WHAT NEEDS TO BE DONE -
Please transcribe exactly, and only, the lines of the data below between the line holding "Plus Size Marvel" and the line holding "جديد عربة مسطحة", inclusive.

PROVIDED DATA -
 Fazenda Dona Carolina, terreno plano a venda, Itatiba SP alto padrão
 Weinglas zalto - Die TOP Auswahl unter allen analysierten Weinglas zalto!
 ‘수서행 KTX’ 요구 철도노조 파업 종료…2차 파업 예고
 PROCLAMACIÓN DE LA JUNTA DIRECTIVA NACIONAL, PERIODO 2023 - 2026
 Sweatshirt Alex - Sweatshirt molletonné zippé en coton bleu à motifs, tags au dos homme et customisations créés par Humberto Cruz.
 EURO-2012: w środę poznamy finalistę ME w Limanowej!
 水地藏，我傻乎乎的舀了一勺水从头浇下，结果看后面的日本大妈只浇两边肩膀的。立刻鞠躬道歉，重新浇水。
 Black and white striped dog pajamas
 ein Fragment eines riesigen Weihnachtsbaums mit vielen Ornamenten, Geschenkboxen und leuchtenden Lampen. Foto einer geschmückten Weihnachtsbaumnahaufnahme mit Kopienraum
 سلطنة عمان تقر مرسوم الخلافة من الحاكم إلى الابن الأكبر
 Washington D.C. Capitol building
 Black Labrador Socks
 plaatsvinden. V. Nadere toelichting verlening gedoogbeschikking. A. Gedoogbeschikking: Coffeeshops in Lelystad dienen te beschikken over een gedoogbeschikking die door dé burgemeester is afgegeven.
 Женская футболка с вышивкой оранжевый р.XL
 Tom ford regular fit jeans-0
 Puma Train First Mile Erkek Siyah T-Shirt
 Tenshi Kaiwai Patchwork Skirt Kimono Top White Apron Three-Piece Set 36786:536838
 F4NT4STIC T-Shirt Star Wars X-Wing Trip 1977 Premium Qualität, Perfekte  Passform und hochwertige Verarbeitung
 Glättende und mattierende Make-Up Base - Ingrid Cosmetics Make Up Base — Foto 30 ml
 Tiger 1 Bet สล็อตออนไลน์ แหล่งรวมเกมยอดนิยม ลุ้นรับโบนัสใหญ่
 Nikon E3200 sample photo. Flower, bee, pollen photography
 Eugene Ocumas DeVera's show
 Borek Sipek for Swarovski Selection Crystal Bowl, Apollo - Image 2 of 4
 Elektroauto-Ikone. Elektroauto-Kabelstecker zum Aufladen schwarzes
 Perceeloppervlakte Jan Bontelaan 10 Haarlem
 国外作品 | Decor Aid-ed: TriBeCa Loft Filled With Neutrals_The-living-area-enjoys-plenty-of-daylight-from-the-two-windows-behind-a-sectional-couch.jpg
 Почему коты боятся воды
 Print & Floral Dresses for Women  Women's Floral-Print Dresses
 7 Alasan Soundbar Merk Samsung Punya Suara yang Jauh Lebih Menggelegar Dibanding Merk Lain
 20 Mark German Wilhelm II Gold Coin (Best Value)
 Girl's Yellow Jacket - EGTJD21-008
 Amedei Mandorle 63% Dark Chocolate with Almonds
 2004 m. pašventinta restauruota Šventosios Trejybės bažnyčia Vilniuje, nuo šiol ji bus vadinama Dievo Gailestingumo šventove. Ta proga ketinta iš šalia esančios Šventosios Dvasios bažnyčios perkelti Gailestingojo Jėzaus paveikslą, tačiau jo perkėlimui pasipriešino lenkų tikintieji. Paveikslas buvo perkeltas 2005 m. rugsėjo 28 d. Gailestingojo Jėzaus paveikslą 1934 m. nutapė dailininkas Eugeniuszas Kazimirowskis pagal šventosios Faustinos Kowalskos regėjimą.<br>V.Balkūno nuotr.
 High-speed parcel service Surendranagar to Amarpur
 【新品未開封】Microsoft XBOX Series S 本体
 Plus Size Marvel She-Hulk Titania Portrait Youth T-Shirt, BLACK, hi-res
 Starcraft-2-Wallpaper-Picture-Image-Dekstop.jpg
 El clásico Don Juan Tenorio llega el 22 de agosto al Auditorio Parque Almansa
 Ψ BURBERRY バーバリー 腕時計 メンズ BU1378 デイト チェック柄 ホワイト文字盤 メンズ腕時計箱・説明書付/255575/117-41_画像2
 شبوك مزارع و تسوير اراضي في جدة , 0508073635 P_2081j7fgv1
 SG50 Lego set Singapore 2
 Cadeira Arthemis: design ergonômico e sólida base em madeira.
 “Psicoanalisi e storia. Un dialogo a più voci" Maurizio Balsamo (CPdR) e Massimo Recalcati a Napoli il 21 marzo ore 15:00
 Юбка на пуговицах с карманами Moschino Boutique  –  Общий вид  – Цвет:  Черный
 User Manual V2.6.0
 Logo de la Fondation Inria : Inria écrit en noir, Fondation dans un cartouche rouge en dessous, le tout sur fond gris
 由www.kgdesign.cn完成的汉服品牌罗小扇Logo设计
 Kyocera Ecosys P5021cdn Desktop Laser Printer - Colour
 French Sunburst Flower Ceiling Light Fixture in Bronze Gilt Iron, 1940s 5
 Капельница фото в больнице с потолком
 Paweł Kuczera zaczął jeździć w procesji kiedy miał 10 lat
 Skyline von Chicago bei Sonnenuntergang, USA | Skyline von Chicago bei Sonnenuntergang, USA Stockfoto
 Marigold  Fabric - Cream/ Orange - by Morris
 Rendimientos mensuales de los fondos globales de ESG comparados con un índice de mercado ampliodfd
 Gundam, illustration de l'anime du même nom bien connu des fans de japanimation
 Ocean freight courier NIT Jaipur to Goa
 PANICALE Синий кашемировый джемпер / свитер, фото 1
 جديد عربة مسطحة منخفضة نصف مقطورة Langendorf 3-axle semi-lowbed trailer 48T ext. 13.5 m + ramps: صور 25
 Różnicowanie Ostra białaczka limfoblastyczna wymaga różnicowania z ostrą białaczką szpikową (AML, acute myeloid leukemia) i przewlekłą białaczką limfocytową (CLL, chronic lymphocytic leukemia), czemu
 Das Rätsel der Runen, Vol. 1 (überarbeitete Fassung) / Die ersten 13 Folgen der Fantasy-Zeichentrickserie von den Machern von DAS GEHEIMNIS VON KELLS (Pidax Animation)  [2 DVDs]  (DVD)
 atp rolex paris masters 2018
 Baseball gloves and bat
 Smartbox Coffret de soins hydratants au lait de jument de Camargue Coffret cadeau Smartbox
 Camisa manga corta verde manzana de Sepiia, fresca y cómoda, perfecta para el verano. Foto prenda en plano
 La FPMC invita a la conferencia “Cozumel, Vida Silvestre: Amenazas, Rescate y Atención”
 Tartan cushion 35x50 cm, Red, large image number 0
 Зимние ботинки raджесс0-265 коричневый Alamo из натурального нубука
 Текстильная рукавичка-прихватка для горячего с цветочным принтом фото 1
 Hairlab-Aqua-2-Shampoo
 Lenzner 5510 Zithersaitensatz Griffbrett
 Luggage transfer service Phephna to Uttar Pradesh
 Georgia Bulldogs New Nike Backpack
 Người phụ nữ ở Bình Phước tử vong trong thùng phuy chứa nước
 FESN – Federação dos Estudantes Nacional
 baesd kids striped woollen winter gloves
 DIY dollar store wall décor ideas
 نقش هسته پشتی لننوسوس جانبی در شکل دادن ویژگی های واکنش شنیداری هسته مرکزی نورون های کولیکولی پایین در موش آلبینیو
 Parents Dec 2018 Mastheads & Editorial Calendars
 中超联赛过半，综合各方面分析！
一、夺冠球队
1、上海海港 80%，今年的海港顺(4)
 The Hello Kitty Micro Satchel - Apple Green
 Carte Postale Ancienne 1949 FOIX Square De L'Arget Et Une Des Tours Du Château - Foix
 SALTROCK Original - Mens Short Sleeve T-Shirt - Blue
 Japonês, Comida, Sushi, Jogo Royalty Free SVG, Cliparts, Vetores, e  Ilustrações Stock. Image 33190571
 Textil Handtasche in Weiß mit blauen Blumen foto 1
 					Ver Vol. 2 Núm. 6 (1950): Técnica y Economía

WRITTEN SOLUTION -
 Plus Size Marvel She-Hulk Titania Portrait Youth T-Shirt, BLACK, hi-res
 Starcraft-2-Wallpaper-Picture-Image-Dekstop.jpg
 El clásico Don Juan Tenorio llega el 22 de agosto al Auditorio Parque Almansa
 Ψ BURBERRY バーバリー 腕時計 メンズ BU1378 デイト チェック柄 ホワイト文字盤 メンズ腕時計箱・説明書付/255575/117-41_画像2
 شبوك مزارع و تسوير اراضي في جدة , 0508073635 P_2081j7fgv1
 SG50 Lego set Singapore 2
 Cadeira Arthemis: design ergonômico e sólida base em madeira.
 “Psicoanalisi e storia. Un dialogo a più voci" Maurizio Balsamo (CPdR) e Massimo Recalcati a Napoli il 21 marzo ore 15:00
 Юбка на пуговицах с карманами Moschino Boutique  –  Общий вид  – Цвет:  Черный
 User Manual V2.6.0
 Logo de la Fondation Inria : Inria écrit en noir, Fondation dans un cartouche rouge en dessous, le tout sur fond gris
 由www.kgdesign.cn完成的汉服品牌罗小扇Logo设计
 Kyocera Ecosys P5021cdn Desktop Laser Printer - Colour
 French Sunburst Flower Ceiling Light Fixture in Bronze Gilt Iron, 1940s 5
 Капельница фото в больнице с потолком
 Paweł Kuczera zaczął jeździć w procesji kiedy miał 10 lat
 Skyline von Chicago bei Sonnenuntergang, USA | Skyline von Chicago bei Sonnenuntergang, USA Stockfoto
 Marigold  Fabric - Cream/ Orange - by Morris
 Rendimientos mensuales de los fondos globales de ESG comparados con un índice de mercado ampliodfd
 Gundam, illustration de l'anime du même nom bien connu des fans de japanimation
 Ocean freight courier NIT Jaipur to Goa
 PANICALE Синий кашемировый джемпер / свитер, фото 1
 جديد عربة مسطحة منخفضة نصف مقطورة Langendorf 3-axle semi-lowbed trailer 48T ext. 13.5 m + ramps: صور 25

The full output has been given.